Hu, Qi, Shokat, Kevan M.
Cell 2018 v.173 no.5 pp. 1254-1264.e11
enzyme activity, gain-of-function mutation, guanosine triphosphate, guanosinetriphosphatase, hydrogen bonding, loss-of-function mutation, models, proteins
The single most frequent cancer-causing mutation across all heterotrimeric G proteins is R201C in Gαs.

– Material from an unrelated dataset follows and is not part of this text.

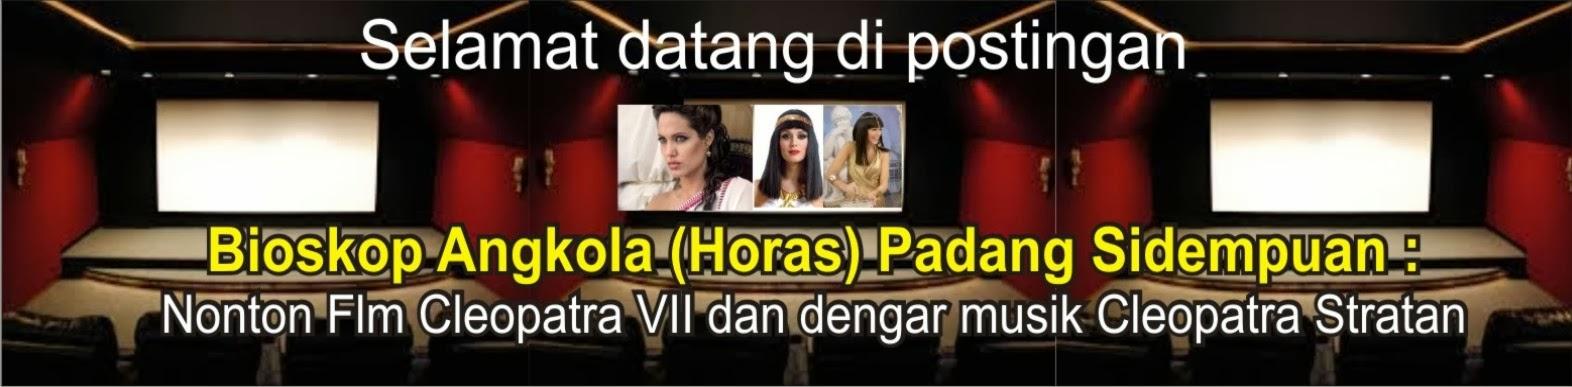 Bioskop Angkola (Horas) Padang Sidempuan : Nonton rapsamabareng Film Cleopatra VII dan dengar musik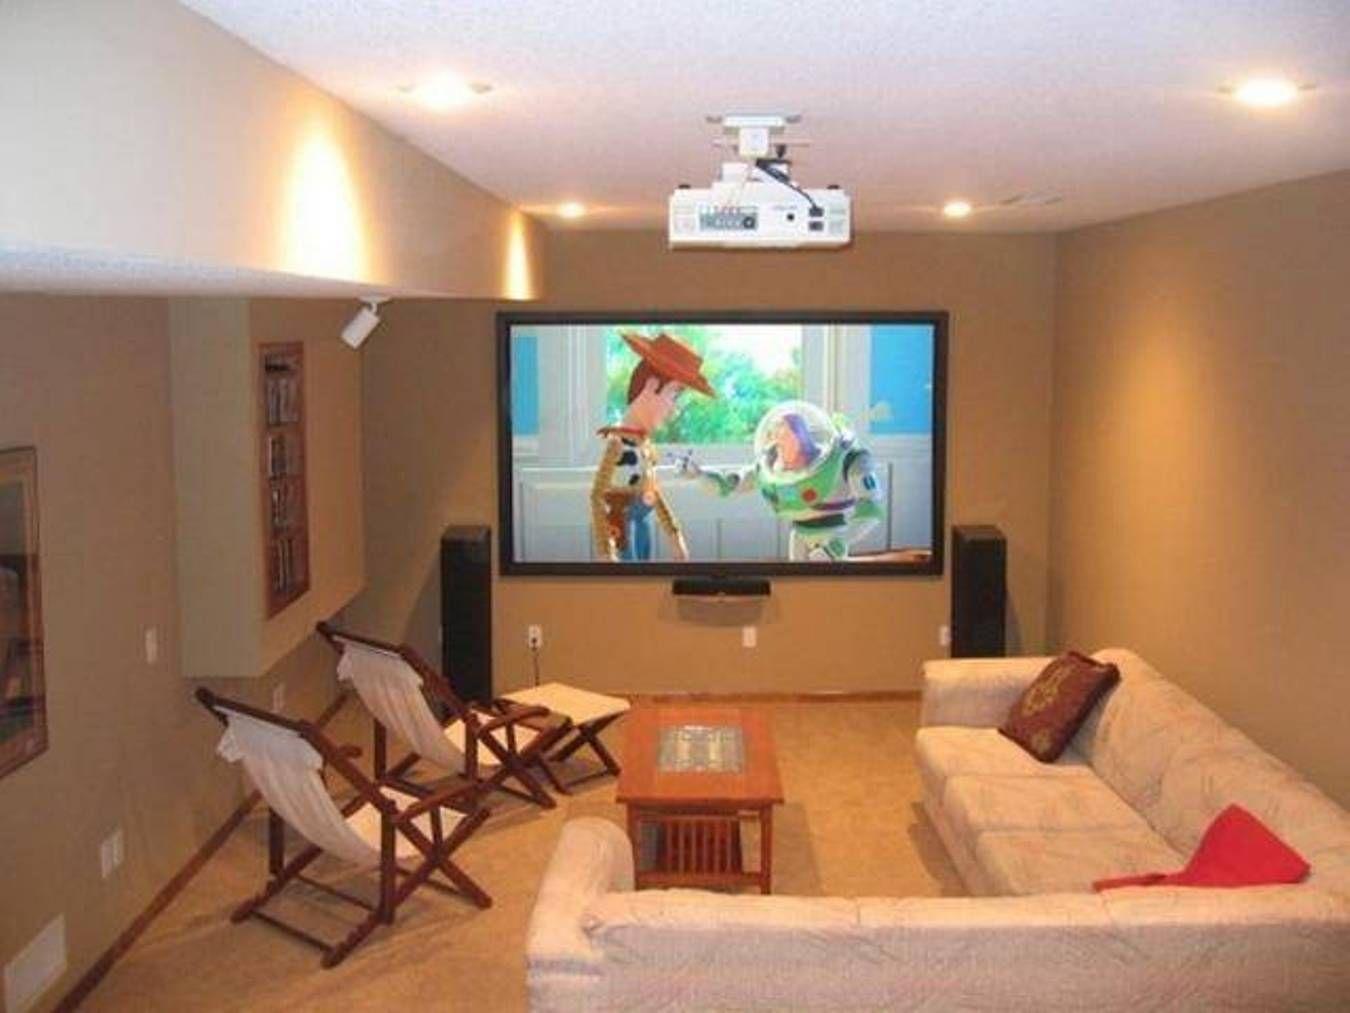 Basement Home Theater Design Ideas Decor small home theater room ideas - home design and decor inspiration

The current model explaining the gain-of-function activity of the R201 mutations is through the loss of GTPase activity and resulting inability to switch off to the GDP state. Here, we find that the R201C mutation can bypass the need for GTP binding by directly activating GDP-bound Gαs through stabilization of an intramolecular hydrogen bond network. Having found that a gain-of-function mutation can convert GDP into an activator, we postulated that a reciprocal mutation might disrupt the normal role of GTP. Indeed, we found R228C, a loss-of-function mutation in Gαs that causes pseudohypoparathyroidism type 1a (PHP-Ia), compromised the adenylyl cyclase-activating activity of Gαs bound to a non-hydrolyzable GTP analog. These findings show that disease-causing mutations in Gαs can subvert the canonical roles of GDP and GTP, providing new insights into the regulation mechanism of G proteins.